Она засмеялась, и веря и не веря его словам.
– Скажешь тоже. Где-то подмазываться научился.
– Не, не умею. Иногда, знаешь, и хочется, ехор-мохор, а не умею. Я ведь тоже дурачок, без вранья.
Кеша и сам удивился, куда это его занесло в разговоре. Но Августа слушала, не перебивая, и он продолжал нехитрые свои речи, пока она не вздохнула:
– Вот брошу сейчас все, будешь знать, как языком балобонить.
– И правильно сделаешь, – подхватил Кочелабов. Сама же говоришь: «Старый пень».
– А что ты о нем знаешь? – с вызовом спросила Августа.

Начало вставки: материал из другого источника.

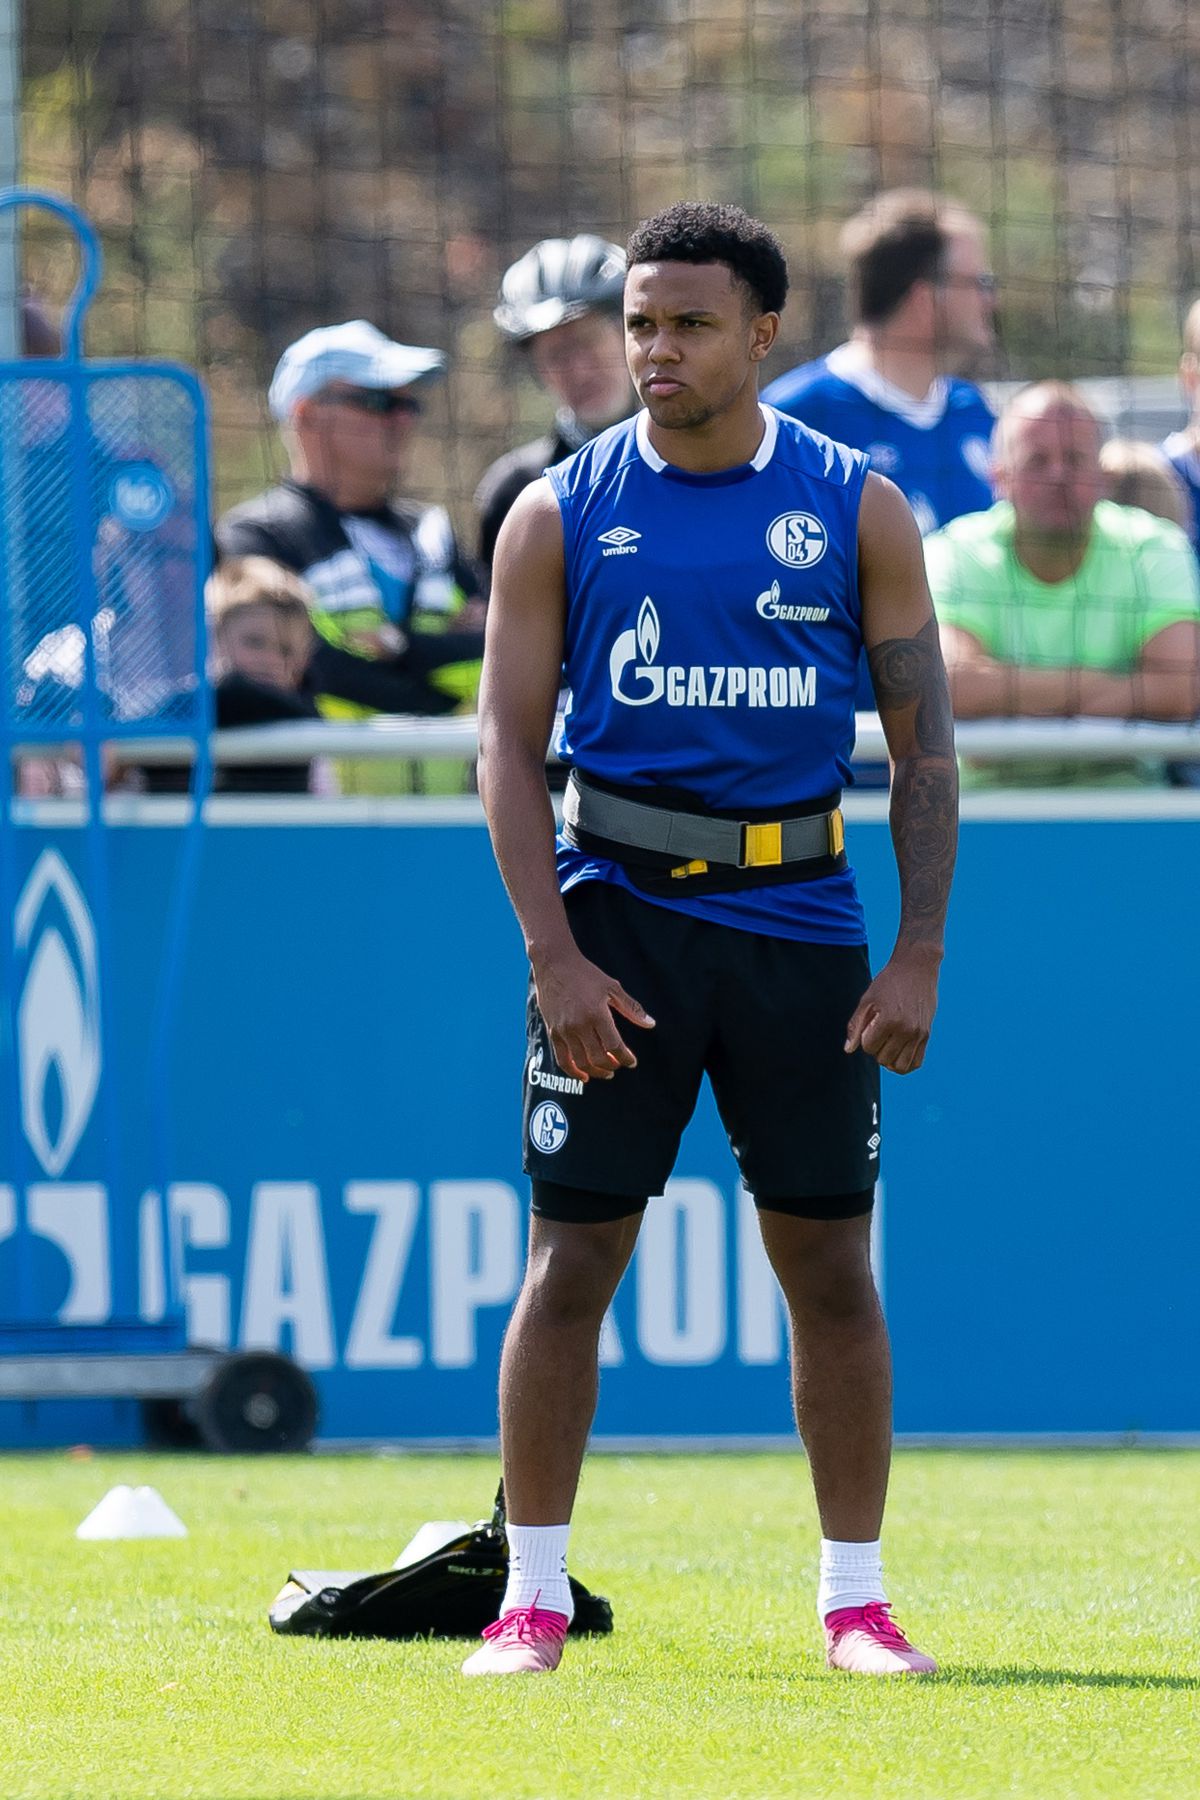 Schalke 04 Training Session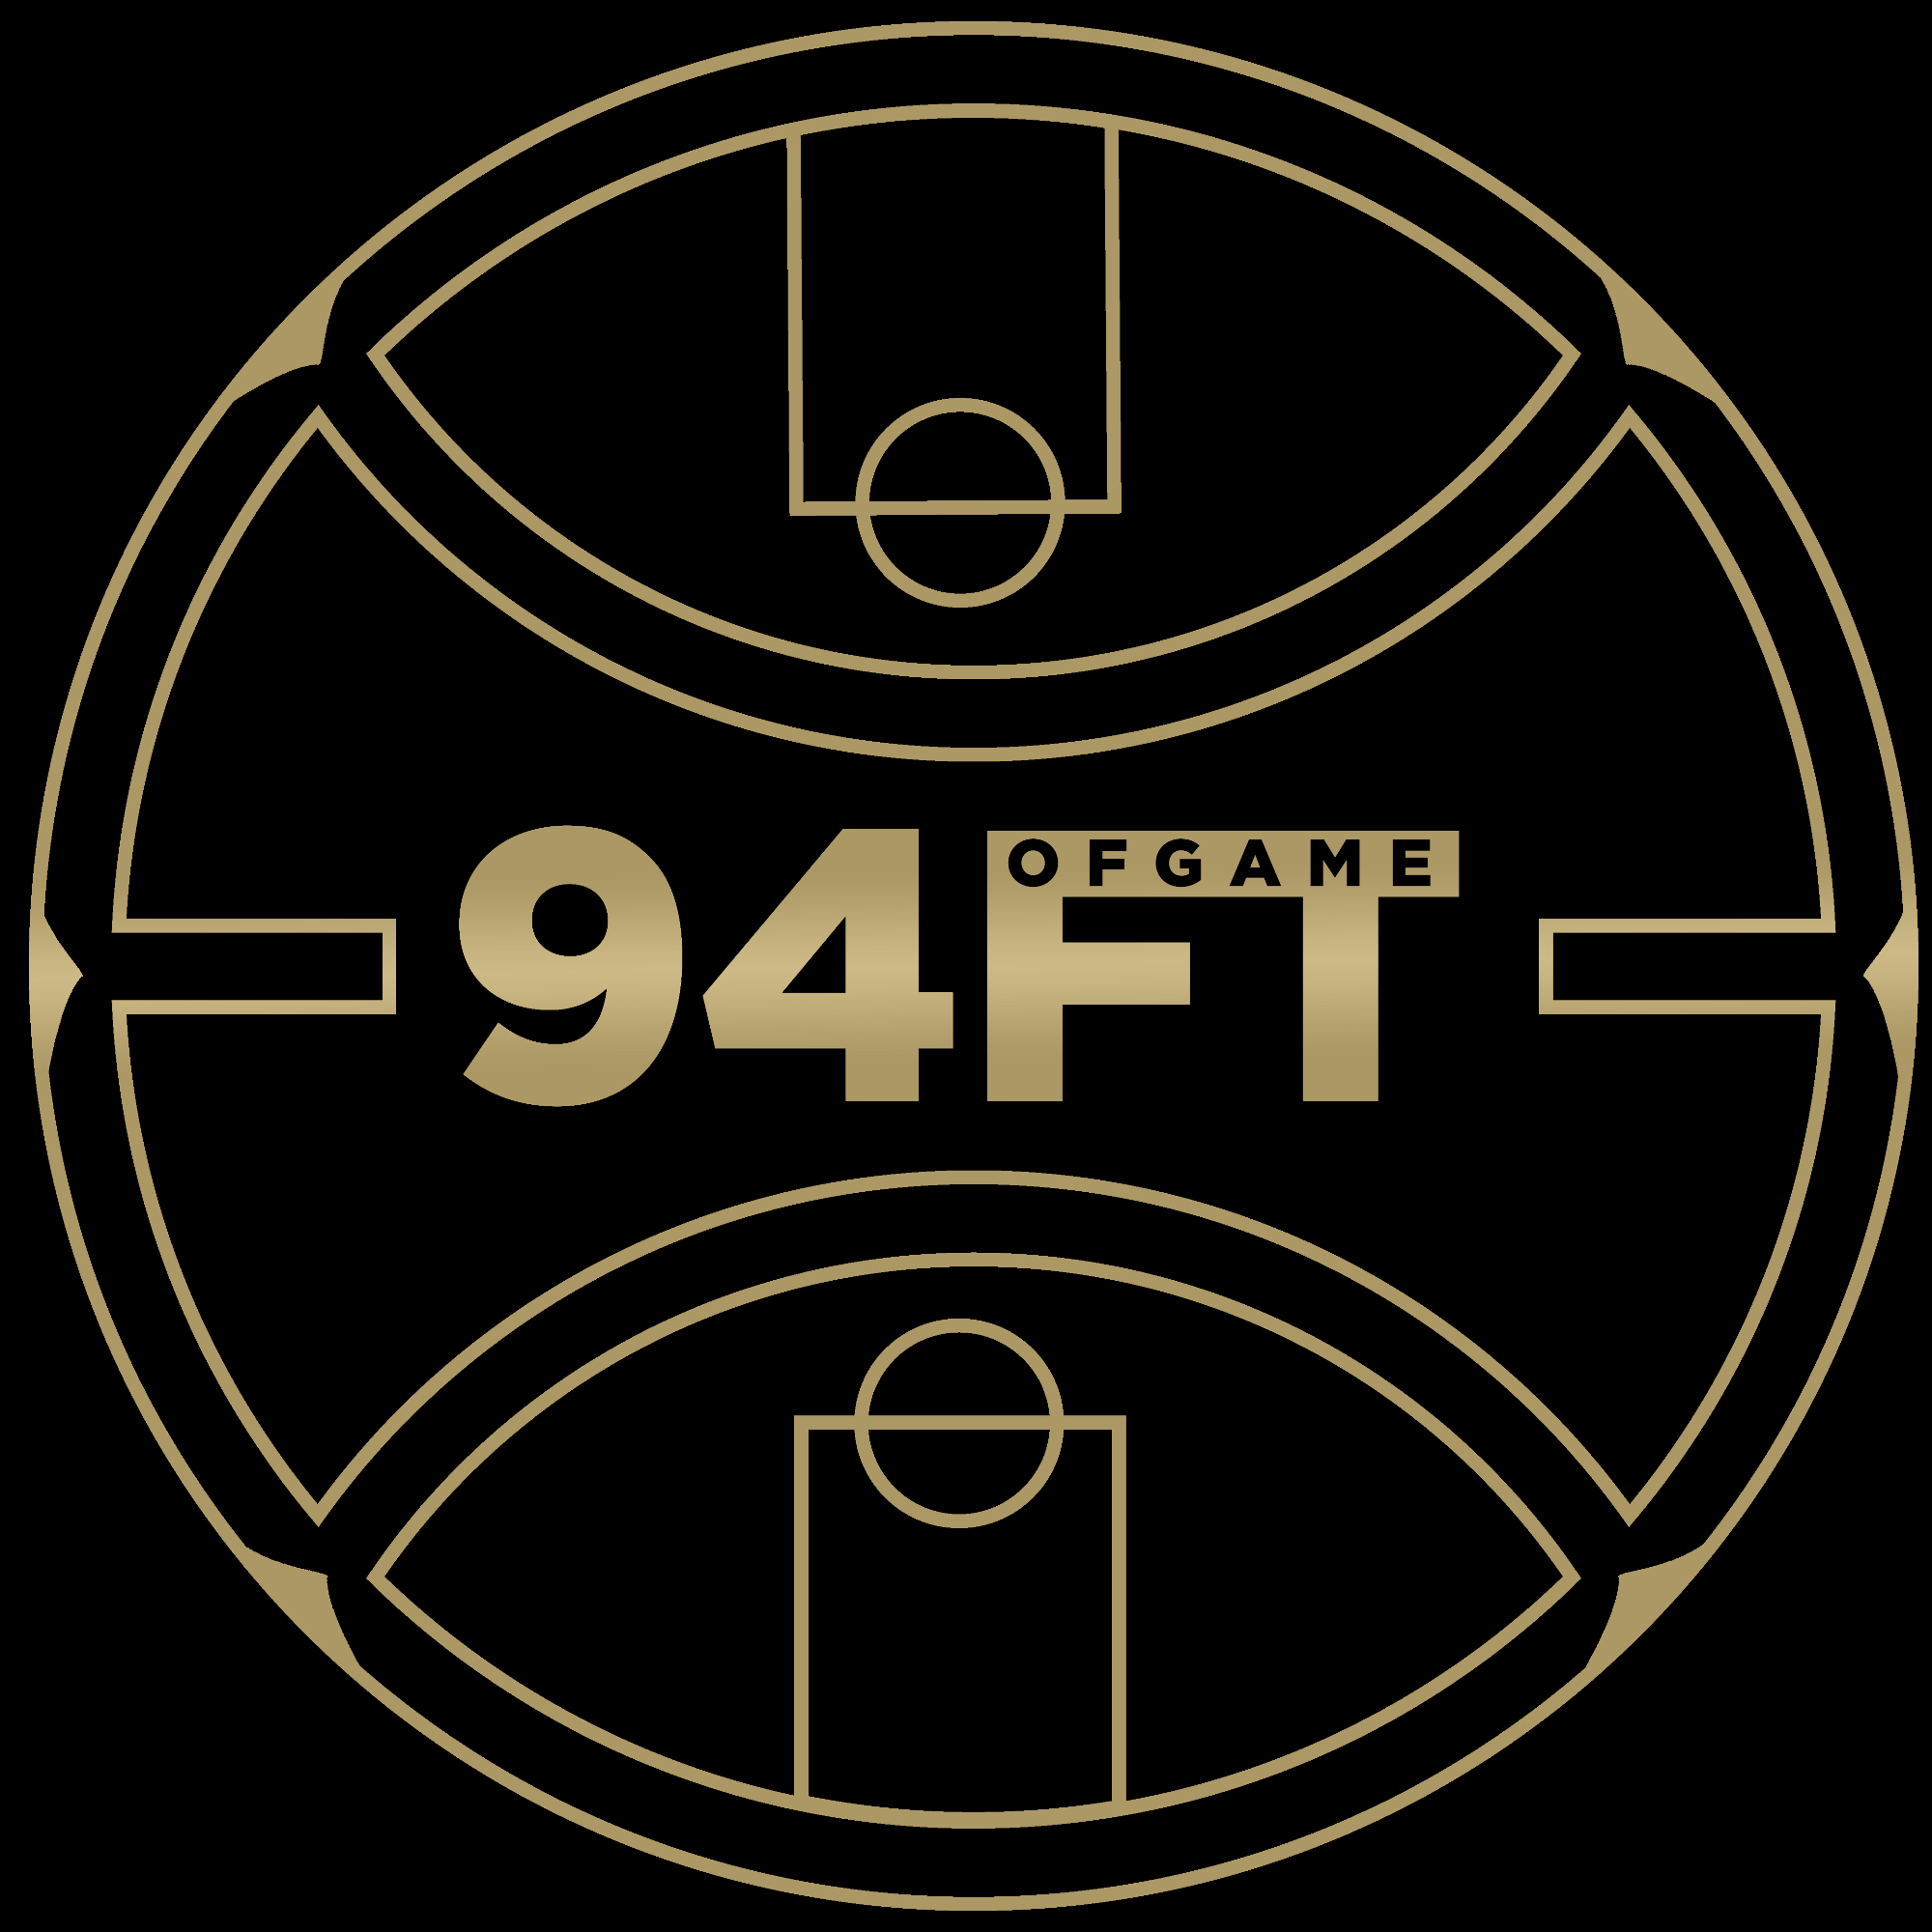 Organization logo for Team 94FEETOFGAME

Много раз вспоминал потом Кочелабов этот разговор, не переставая удивляться тому, что, сызмала помня Гурова, не знал он правды о нем, а она, девчоночкой, знала. Верила, что никогда не прислуживал он фашистам, хоть и писали о том подметные письма. Было другое: долго выбирался из окружения, за что и осудили его, отбыл в лагере срок. И потом не баловала Гурова судьба. На лесоповале, куда их мобилизовали из рыболовецкого колхоза, придавило комлем жену, так что в сопки шли они рядом, а обратно выносил он ее по сугробам на закукорках.
Про жену Наталью, у которой отнялись ноги, Кочелабов знал, помнил, как жалели ее потом все бабы. А про то, каково приходилось Гурову, не старому еще мужчине, ухаживать до самой смерти за этой мнительной ожесточившейся женщиной, не доводилось задумываться Кеше.
В пересказе Августы знакомая история с Натальей прозвучала так, словно Кеша услышал ее впервые, и сам Гуров предстал вдруг не странным, изломанным жизнью стариком, а человеком, сохранившим долг и верность жене в самое лихолетье. По совету врача каждое утро и вечер натирал он и отжимал для жены по стакану морковного сока. У многих ли мужиков хватило б терпенья на это?
Последний вопрос адресовался напрямую Кочелабову – так откровенно глянула на него Августа. Ему же оставалось лишь рассказать, как лазили они с Лешкой в огород за этой самой морковкой, а Гуров чуть не ухлопал их из берданы.
– Пугнул вас небось холостым, а вы уж…
– Ну да, над ухом просвистело, – соврал Кочелабов.